Of course defendant has been denied the effective assistance of counsel. How can it be otherwise? Rulings on the legal issues inherent in the acceptance or rejection of plea agreements are in the hands of the untrained and unqualified, and defense counsel is helpless in the face of it. Counsel cannot even formulate a meaningful abuse of discretion claim because the deliberations which lead to the decisions are conducted behind closed doors.

It is disturbing that the majority pays lip service to the limitations placed on the authority of assistant judges by Dunkerley as additional support for its decision, when, in fact, the very express prohibitions, presumably established by that case, are brought to nothing for this defendant and for others who may be in similar circumstances hereafter. We should be under no complacent illusions: that is exactly what has occurred today. This Court is satisfied that less legal ability is required of assistant judges to the extent they are empowered to act independently than of the lawyers practicing before them. Cf. In re Judicial Interpretation, supra. Enhancing the powers of lay judges, at the expense of the constitutional right to due process of defendants caught in the toils of criminal law, is the unfortunate consequence of today’s decision.

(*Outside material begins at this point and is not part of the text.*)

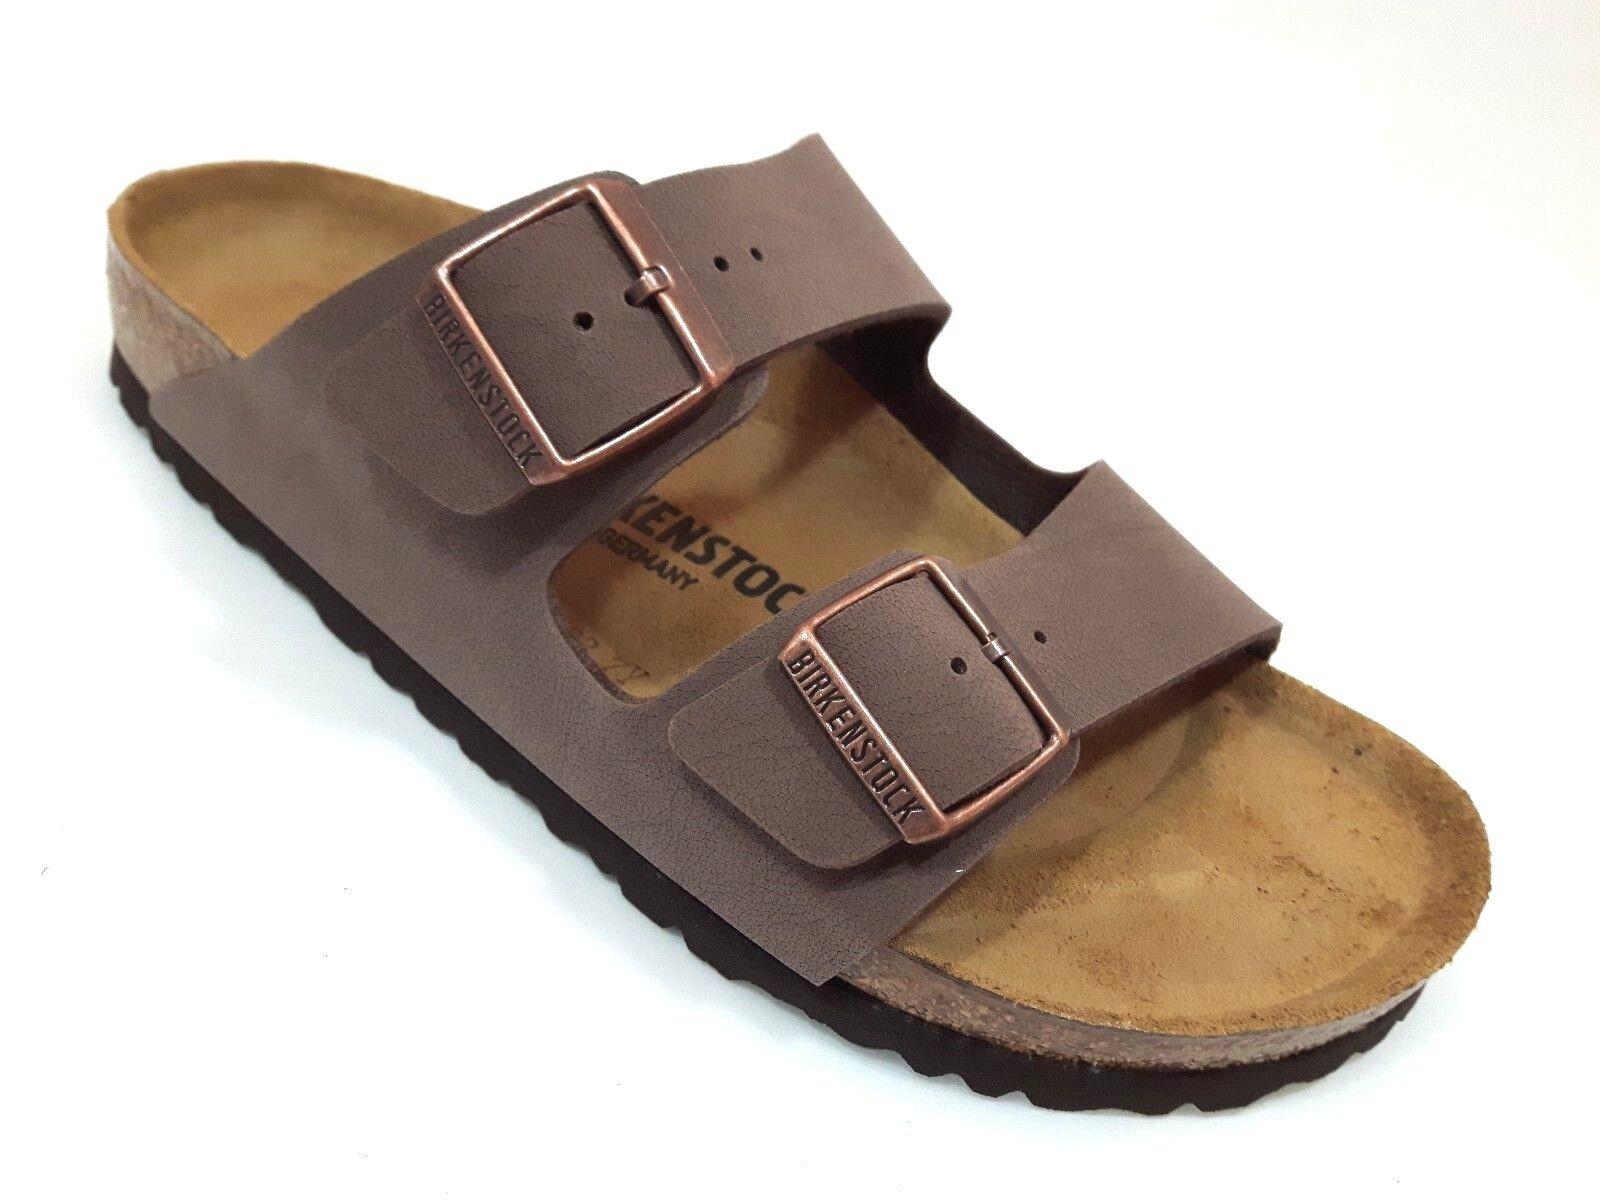 Sandali e scarpe per il mare da uomo BIRKENSTOCK ARIZONA MOCCA 151183 sandali ciabatte uomo donna ragazzo

I believe that assistant judges are not trained or otherwise qualified to exercise the legal discretion called for in this case. On the other hand, as the Supreme Court of California has stated, while fairness is not impossible in matters which may be controlled by lay judges, the likelihood is substantially diminished. Gordon v. District Court, supra, at 329, 525 P.2d at 76, 115 Cal. Rptr. at 636. Courts must always have in mind and resist the temptation to respond to public pressure when a serious crime is involved; any other course approaches vigilante law. There will be others charged in the future with serious or minor offenses; in some cases the defendant will indeed be innocent. But what the majority has done today will affect the right of every person from this day on.

I would reverse and remand for a new hearing on the plea *62agreement before a superior judge sitting alone. That is the only remedy which can assure this defendant, and others to come, that their due process rights are of more concern to the Vermont judicial system than are the secondary concerns of the judges who are a part of the system.

Since there are currently no assistant judges who are lawyers, the terms “assistant judges” and “lay judges” are used interchangeably throughout this dissent. The phrase “presiding judge” in this dissent means a lawyer-trained superior judge.

There is nothing in the record either from which this Court can determine who made the decision on the motion to suppress. It would be unsupported speculation to conclude that, because it was a question of law, it was made by the presiding judge alone. In the absence of a record it may be speculated, with equal validity, that because the assistant judges were present, they participated.

The power of lay judges to participate in sentencing is not an issue in this case, although it has been questioned elsewhere.